Are you a beginner looking to start your fitness journey but unsure of how much exercise you should be doing? It can be overwhelming to figure out how much exercise is appropriate for your fitness level, especially if you're new to the world of fitness. In this blog post, we'll discuss how much you should workout as a beginner and provide tips to help you get started on your fitness journey.
As a beginner, you may be experiencing pain points such as a lack of knowledge about how much exercise you should be doing and doubts about your fitness level. You may also be unsure of what types of exercises to do and how often to do them. These pain points can make it difficult for you to start your fitness journey with confidence.
So, how much should you workout as a beginner? The American Heart Association recommends at least 150 minutes of moderate-intensity aerobic activity or 75 minutes of vigorous aerobic activity per week. This can be broken down into 30 minutes of exercise five days a week or 25 minutes of exercise six days a week. In addition to cardio, you should also aim to do strength training exercises at least two days a week.
In summary, as a beginner, you should aim to do at least 150 minutes of moderate-intensity aerobic activity or 75 minutes of vigorous aerobic activity per week. You should also incorporate strength training exercises into your routine at least two days a week.
Personal Experience
When I first started my fitness journey, I was unsure of how much exercise I should be doing. I started by doing 30 minutes of cardio five days a week and two days of strength training. As I progressed, I increased my exercise time to 45 minutes of cardio five days a week and three days of strength training. It's important to listen to your body and gradually increase your exercise time as you become more comfortable.
Tips for Beginners
1. Start slow - don't push yourself too hard in the beginning. Gradually increase your exercise time as you become more comfortable.
2. Find an exercise routine that works for you - try different types of exercises until you find something you enjoy. This will make it easier for you to stick to your routine.
3. Schedule your workouts - set aside specific times during the week for exercise. This will help you stay consistent with your routine.

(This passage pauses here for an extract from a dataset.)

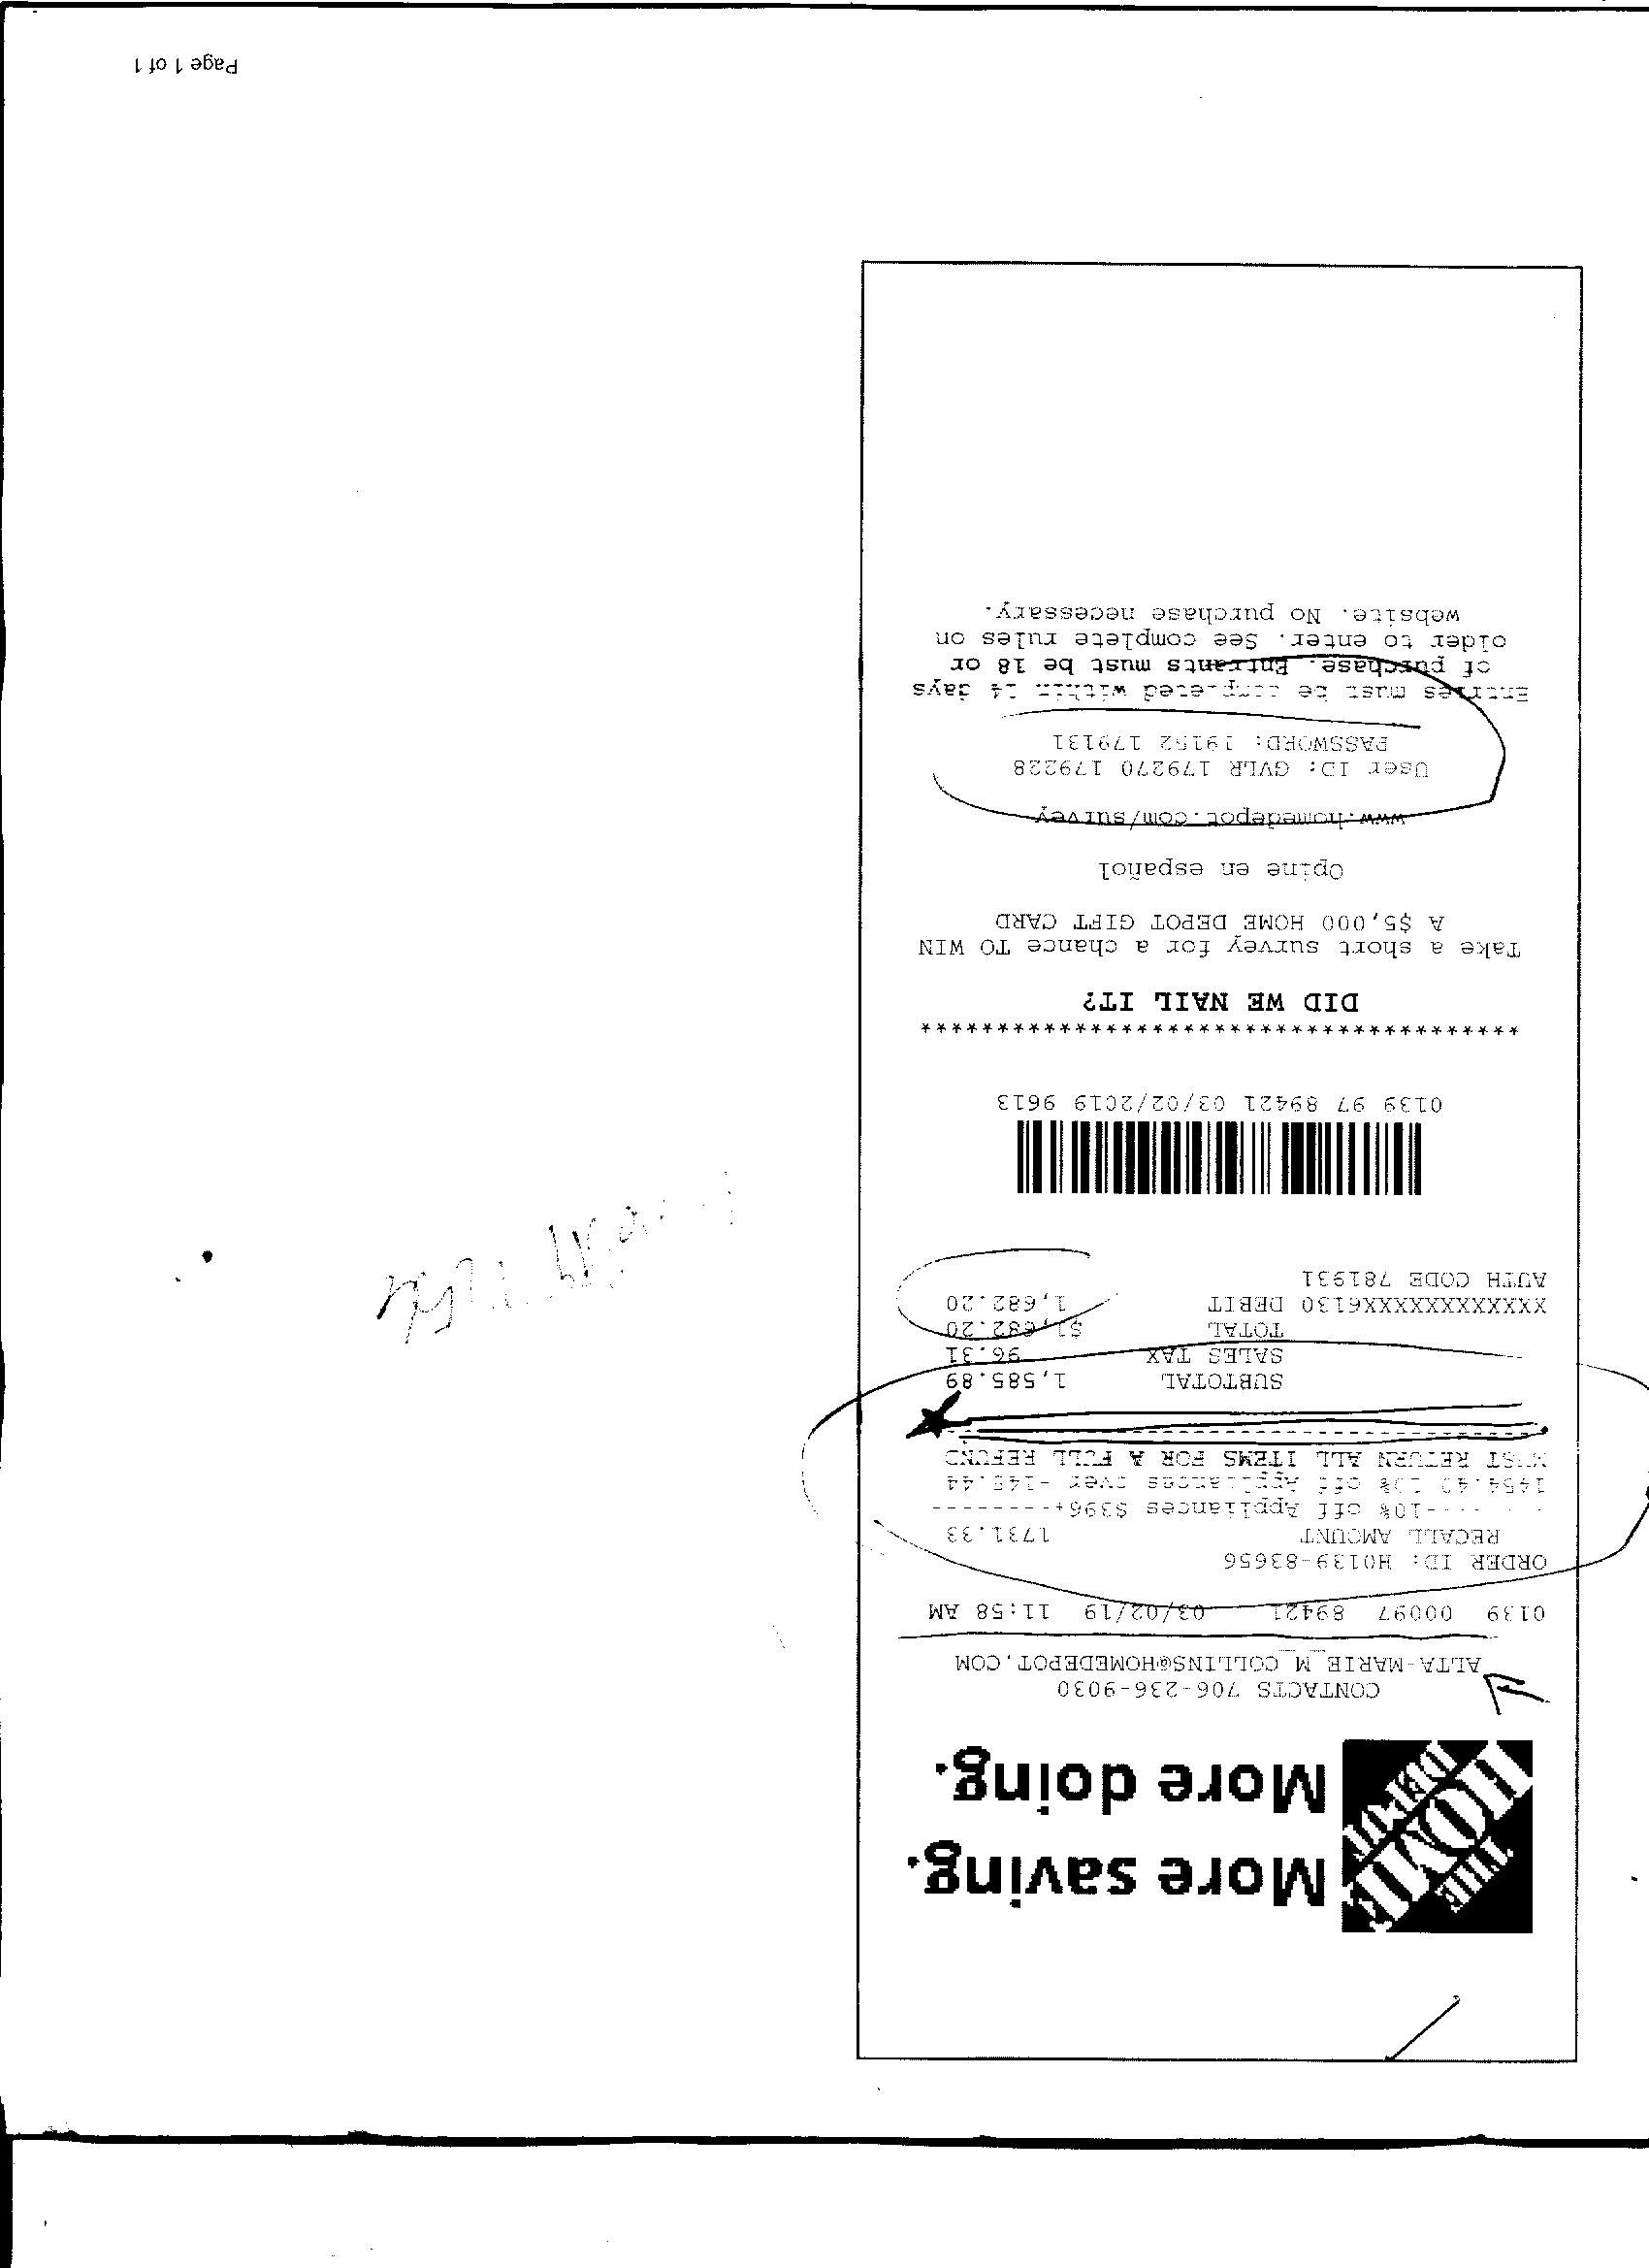 Home Depot Corporate Complaints - Number 20  HissingKitty.com Intended For Home Depot Receipt Template

4. Don't forget to rest - rest days are just as important as exercise days. Make sure to give your body time to recover.
Importance of Exercise
Exercise has numerous benefits for your physical and mental health. It can help improve your cardiovascular health, increase your strength and endurance, and boost your mood. Regular exercise can also help reduce your risk of chronic diseases such as heart disease, diabetes, and obesity.
Types of Exercise
There are two main types of exercise: aerobic and strength training. Aerobic exercise, also known as cardio, includes activities such as running, cycling, and swimming. Strength training exercises include activities such as weight lifting and bodyweight exercises. It's important to incorporate both types of exercise into your routine to get the most benefits.
Tips for Strength Training
1. Start with bodyweight exercises - if you're new to strength training, start with exercises that use your bodyweight such as push-ups, squats, and lunges.
2. Use proper form - make sure you're using proper form when doing strength training exercises to prevent injury.
3. Gradually increase weight - as you become more comfortable with strength training, gradually increase the amount of weight you're lifting.
Conclusion of How Much Should I Workout as a Beginner
As a beginner, it's important to start slow and gradually increase your exercise time. Aim to do at least 150 minutes of moderate-intensity aerobic activity or 75 minutes of vigorous aerobic activity per week, and incorporate strength training exercises into your routine at least two days a week. Find an exercise routine that works for you and don't forget to rest. Regular exercise has numerous benefits for your physical and mental health, so start your fitness journey today!
Question and Answer
Q: Can I do more than 150 minutes of moderate-intensity aerobic activity per week?
A: Yes, you can do more than 150 minutes of moderate-intensity aerobic activity per week. Just make sure to listen to your body and gradually increase your exercise time.
Q: Do I have to do strength training exercises?
A: While strength training isn't required, it's highly recommended. Strength training exercises can help increase your strength and endurance, and reduce your risk of injury.
Q: How long does it take to see results?
A: Results vary from person to person, but typically you should start seeing results within a few weeks of starting a regular exercise routine.
Q: Can I do different types of exercises on the same day?
A: Yes, you can do different types of exercises on the same day. For example, you can do cardio and strength training exercises on the same day. Just make sure to give your body time to rest and recover.